Sermón de la Montaña

Método lleno de sabiduría, utilizado por el propio Hombre-Dios en sus predicaciones, constituyendo las parábolas algunas de las páginas más bellas y ricas de los Evangelios…

Los rasgos más  característicos de la educación dada por doña Lucilia, especialmente a sus hijos, consistía en transmitir lecciones morales a través de cuentos o historias. Método lleno de sabiduría, utilizado por el propio Hombre-Dios en sus predicaciones, constituyendo las parábolas algunas de las páginas más bellas y ricas de los Evangelios, por sus divinas enseñanzas envueltas en una poesía sin igual.
En sus narrativas, doña Lucilia tenía en vista enseñar el desapego. Si fuera necesario sacrificar la posición social, la fortuna o hasta la vida a fin de cumplir enteramente con el deber, ella lo haría, y resaltaba que ésta era la única actitud propia en esas circunstancias. La vida no está hecha para el placer, sino para cargar sobre los hombros, de buen grado, la Cruz de Nuestro Señor Jesucristo, principio amado y puesto en práctica por ella en su vida diaria, no sólo por su resignación, sino también por su postura decidida frente a las adversidades. Al contar algún hecho ocurrido a otro, participaba de la alegría o de los dolores de las personas envueltas, virtud ésta que alimentaba su gusto en describir pequeños episodios de la vida real.
Siempre estimulaba en sus hijos el deseo de la honra y de adquirir respetabilidad a través de las virtudes personales, sin volverse ambiciosos o ávidos de dinero.
Hablaba casi exclusivamente del bien, de la verdad y de lo bello; se diría que no veía la realidad sino a través de esos prismas. Sin embargo, cuando correspondía censurar algo de malo era difícil encontrar alguien que la excediese en el desempeño de esa obligación. Por su sentido de justicia, junto al elogio de los méritos ajenos, nunca faltaba en sus labios la reprobación del mal.
A fin de inculcar a sus hijos el horror al vicio, describía lo ocurrido con personas conocidas de antaño, resaltando las tristes consecuencias de las pasiones desenfrenadas y dejando traslucir cuánto había en éstas de censurable.

Un marido robado

Uno de esos hechos sucedió en el São Paulo antiguo con uno de sus parientes lejanos, persona de buena presencia pero muy poco inteligente. Consiguió él que le dieran el cargo de juez en una comarca vecina de la Capital, probablemente debido a sus relaciones sociales. Sin embargo, debido a su incapacidad para juzgar cualquier causa cuya complejidad fuese tan sólo un poco mayor de lo normal, llevaba en ese lugar la vida apagada de quienes son nulos. Y lo peor no era la falta de dotes intelectuales, sino la pereza. No hacía ningún esfuerzo para mejorar su situación.
Había en la localidad una viuda muy rica que quería casarse con él sólo porque el joven tenía un buen físico. Pero él, como no gustaba de ella, no quería aceptar la propuesta de ningún modo. La señora, dándose cuenta de hasta qué punto era blando y cuán poca personalidad tenía, mandó que unos sicarios invadieran su cuarto por la noche y lo raptaran como se raptaba antiguamente a una muchacha.
Y él no opuso resistencia…
Cuando llegó a casa de la mujer, la encontró furiosa, resuelta a casarse con él a toda costa. Como para resistir era necesario esfuerzo… ¡entonces decidió casarse!
La seriedad de doña Lucilia al contar la historia, así como su rechazo a tanta pusilanimidad, dispensaban el empleo de adjetivos para hacer reprobables a los ojos de sus hijos la pereza y la molicie de ese hombre.
El repudiar casi instintivamente esos vicios era la reacción más saludable que despertaba en sus oyentes.

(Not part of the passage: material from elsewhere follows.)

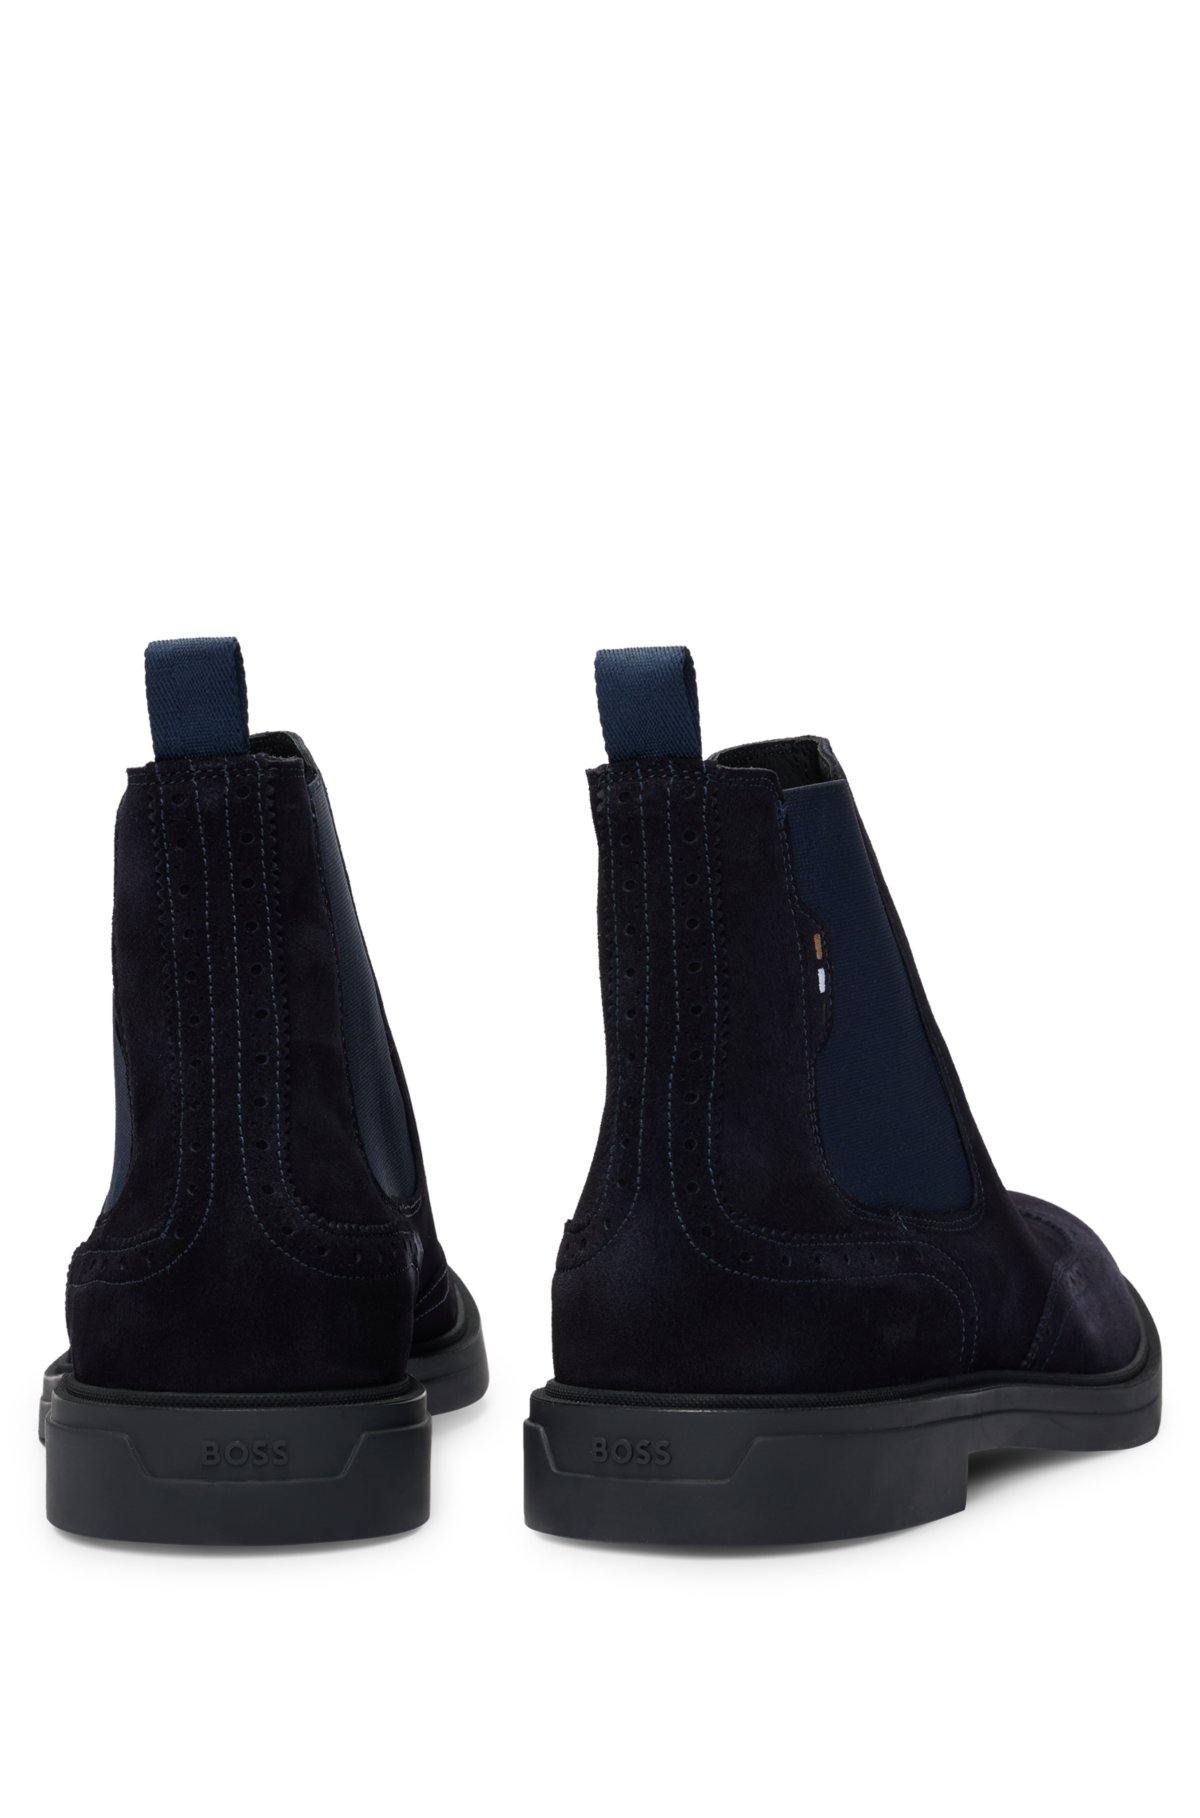 Suede Chelsea boots with brogue details, Dark Blue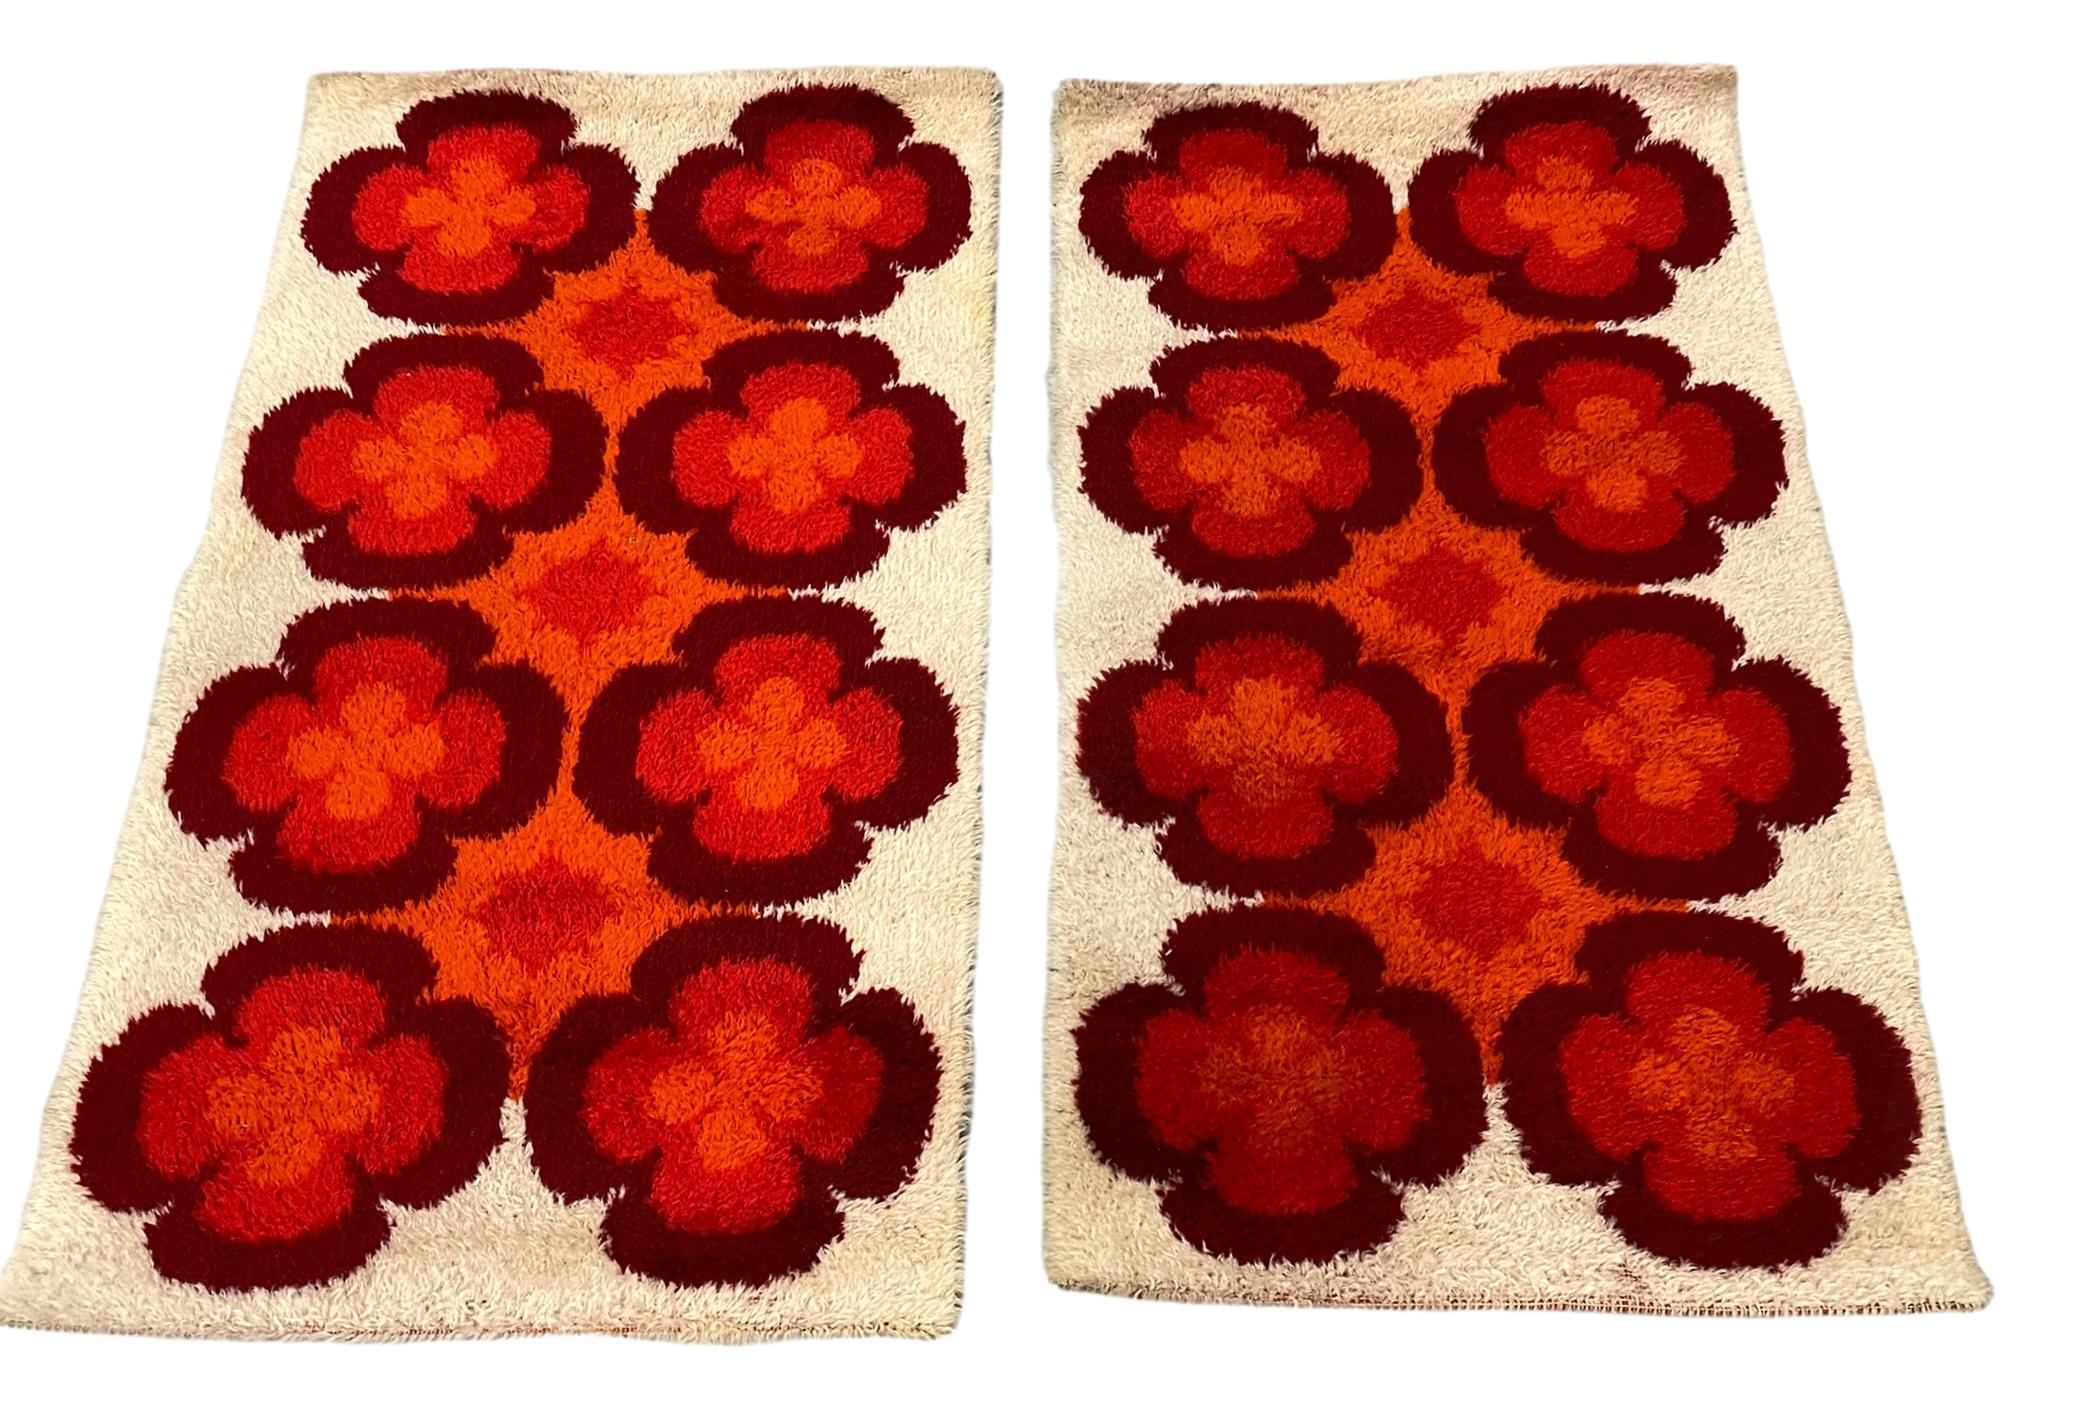 These two rugs are a great example of 1970s pop art interior. Made in high quality weaving technique. These two high quality high pile rugs were designed in the 1970s and manufactured in Germany. Each is made from wool and is still in a good vintage

Años de grandes transformaciones

cap7_010Al finalizar la guerra en 1918, se inicia el período que los historiadores denominan «Entre las dos guerras». Los armónicos acordes del vals son sustituidos por los estridentes y cacofónicos sones del jazz; los sobrios y graves carruajes tirados por caballos son suplantados definitivamente por el automóvil, que imprime un nuevo ritmo a la existencia; y las señoras, hasta entonces reinas del hogar, dan los primeros pasos hacia la igualdad de sexos. De golpe, las faldas suben de los tobillos a las rodillas, liberando los pasos de los largos y bellos vestidos de otrora; se iniciaba así, resueltamente, una caminata cuyo término final era —todos lo presentían— el impudor.
En aras de la moda y del pragmatismo, las señoras deciden cortar sus cabellos, hasta aquel momento largos y cuidadosamente peinados, como coronas que realzaban su dignidad. Nace entonces el estilo llamado «à la garçonne» (A la muchacho). El colorete y el lápiz de labios, que la dama celosa de su honor nunca usaría, irrumpen en las costumbres, hasta entonces recatadas. La risa, que antes ocupaba un papel discreto en la vida, pasó a ser considerada símbolo necesario de la felicidad —idea ampliamente difundida por el cine de Hollywood— relegando a un segundo plano, en las reuniones sociales, a todos los que no sabían contar chistes y no tenían el pseudocarisma de provocar una constante hilaridad.cap7_008

Un pequeño y conmovedor episodio ilustrará con nitidez la resistencia que ella oponía al espíritu “moderno”.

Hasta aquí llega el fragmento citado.